The Eastern Cape hinterlands spreadout before me

I made Grahamstown, my first stop, in good enough time and my course wasn’t too bad. On my initial flyover of the aerodrome I selected the wrong runway for my unmanned joining procedure, what this mumbo jumbo means there’s no-one on the ground to help you land, you fly a certain pattern while announcing on the radio to the entire aerodrome flying area what your intentions are. So I got my first one wrong as I misread the wind sock as I was jiggled about the cockpit like a stripper’s tits on singles night.

 

Arriving over Grahamstown

The second time around I got it right and lined myself up for my approach into one of the grass runways.

Then I noticed it. Small black dots on the runway, “Hmmm too small to be the game or animals that might be present” I thought to myself. Turns out the dots where a flock of Hadada Ibises know locally as Hadeedahs for their calls of haa-de-dah. I called them holyshitfucks as they took off right into my flight path. The thought of one or more of these sonabitches striking my plane was not a comforting idea. You see this would have turned my plane into more or less a rather pretty with rock with burgundy accents.

 

Grahamstown slipping away beneath me…

So I did a go around and decided to try my luck at a touch and go at Fort Beaufort, my second destination on my three leg tour of the Eastern Cape. I got my clearances from ATC (Air Traffic Control) got on my heading and relaxed for my trip further inland. Total time for this leg, 27 minutes. About 15 minutes into it I realize that I have a massive piss brewing. Oh no what will our hero do?? The Final leg back to PE is supposed to be 77 minutes in length!

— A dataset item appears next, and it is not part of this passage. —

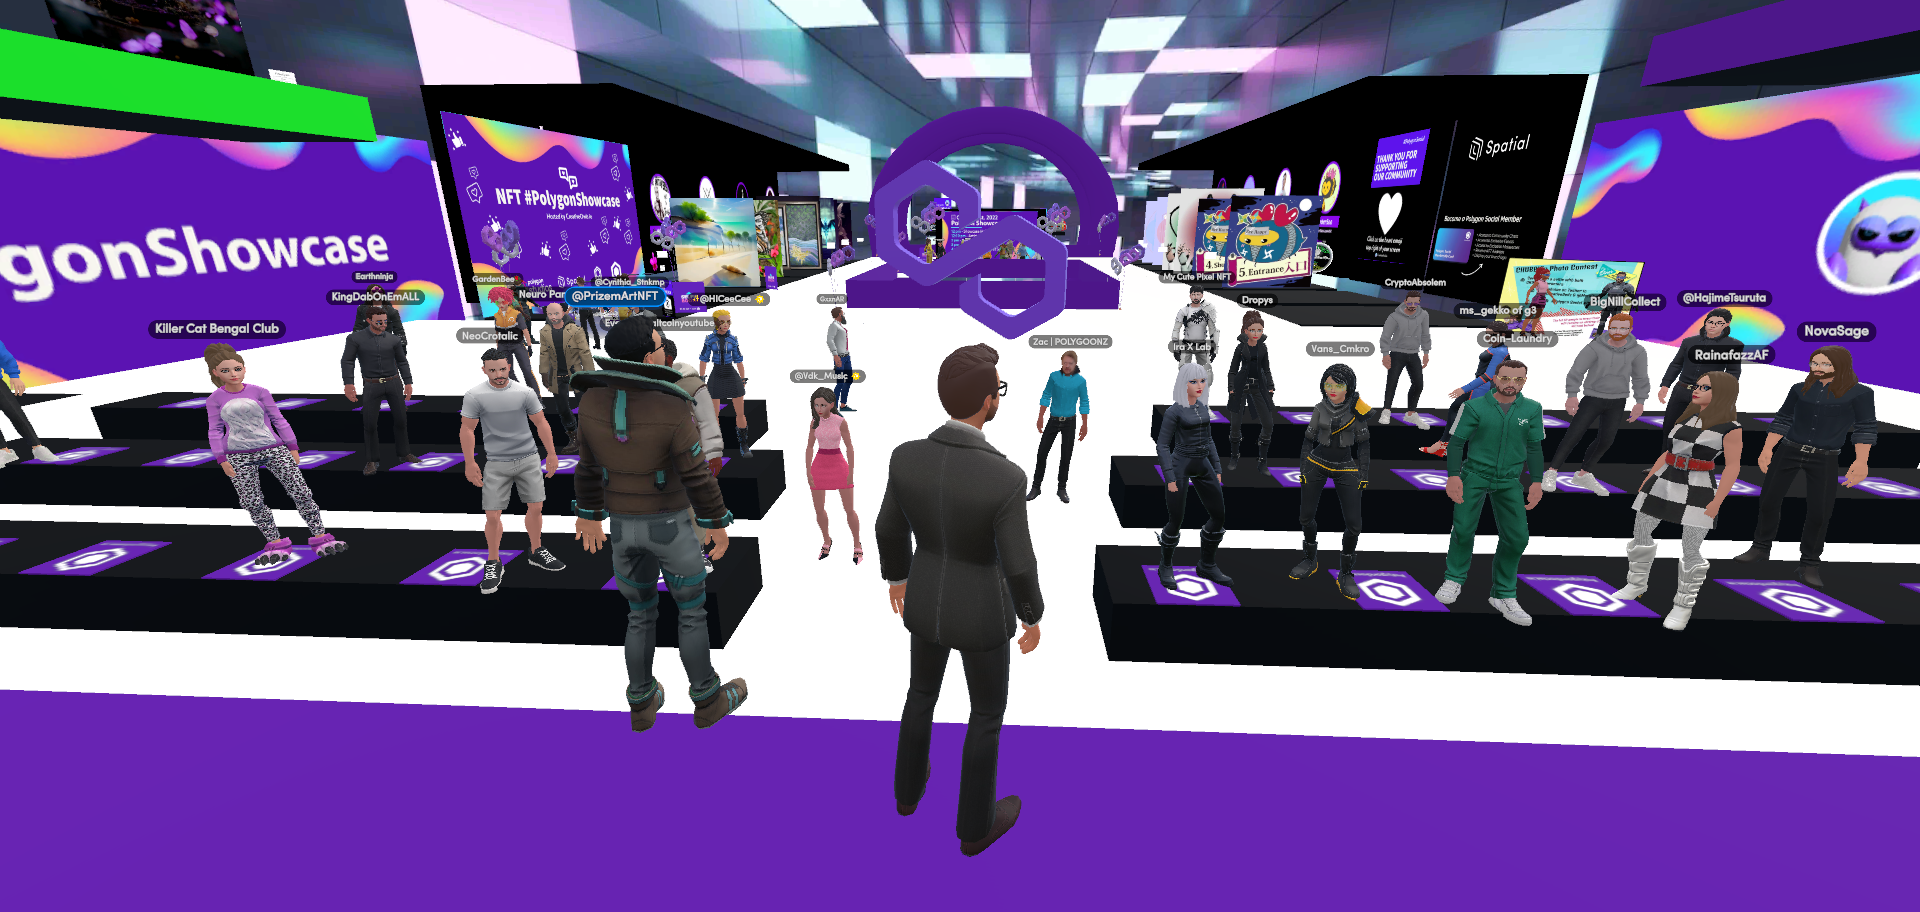 10 Tips for Hosting Events in the Metaverse

Well I’ll just stop at Fort Beaufort! YAY! The day is sav…hmmm you know I haven’t heard from ATC for a bit. No chatter nothing.

Weird.

Try calling them and I get zilch. PANIC!!! Is the radio out!? Ok stay calm. I have Fort Beaufort in sight I make a blind call and come into land on a nice but bump grass strip.

After 5 frantic minutes I get through to ATC in Cape Town and let them know I’m safe on the ground and they don’t have to send out a search and rescue team for a second time this week (not me, sadly the glider pilot died in the crash). I get my clearances and transponder “squawk” (my plane’s in-flight “ID” number). Now for some other business.

 

ZS-PAY on the ground in Fort Beaufort

TIME TO PEE! I conduct myself in a thoroughly professional manner by peeing on the side of the runway, look I’m the only soul for about 40 square kilometers, that’s a whole lot or little for you mile users so I don’t have to me modest.

Then my zip gets stuck.

 

Yours trully with his stuck zip, yes its gusting like fuck.

Now I’m behind schedule and my winkie might just pop out if I’m not careful…at least I didn’t go commando that day! Ah I’m flying alone so fuckit. I hope in do all my start up and engine run-ups. And finally fling my little plane down the runway and back into the wild blue wonder! Only to find that I still have no communications with ATC, ok I fault find while climbing to altitude. After about 10 minutes I get to 4500ft and regain communications. I breathe a sigh of relief which is short lived as it begins to dawn on me that while I was messing with my comms I have not been checking my heading, drift and other vital navigational things. PANIC!!! MY GOD I’M LOST! The last thing I want to do is broadcast this to the entire Eastern Cape so that ATC can give me a location fix. After a few brief moments where I was convinced I was having a mild stroke I regained my calm. I go back to the map I reset the directional indicator to the compass. I’m not lost!!

 

 

 

YAY!!!

 

I’ve been flying the right track all along, only I have a massive tail wind so my first position checkpoint that was supposed to take 20 minutes to get to took 10. I regain my position on my map and flew the rest of the way in.

 

The sweep of Algoa Bay, trully a sweet sight!

Once back in PE airspace I had to hold for 15 minutes as the local ATC brought in jet traffic. Heaven help me if I make a businessman late!!!

 

Circiling over the Swartkops river

I landed back in Port Elizabeth 3 hours later. I had 1 hour of fuel left in my tanks. By law if I had flown another 15 minutes I would have had to declare an emergency. But by God I had made it. I have crossed the Rubicon.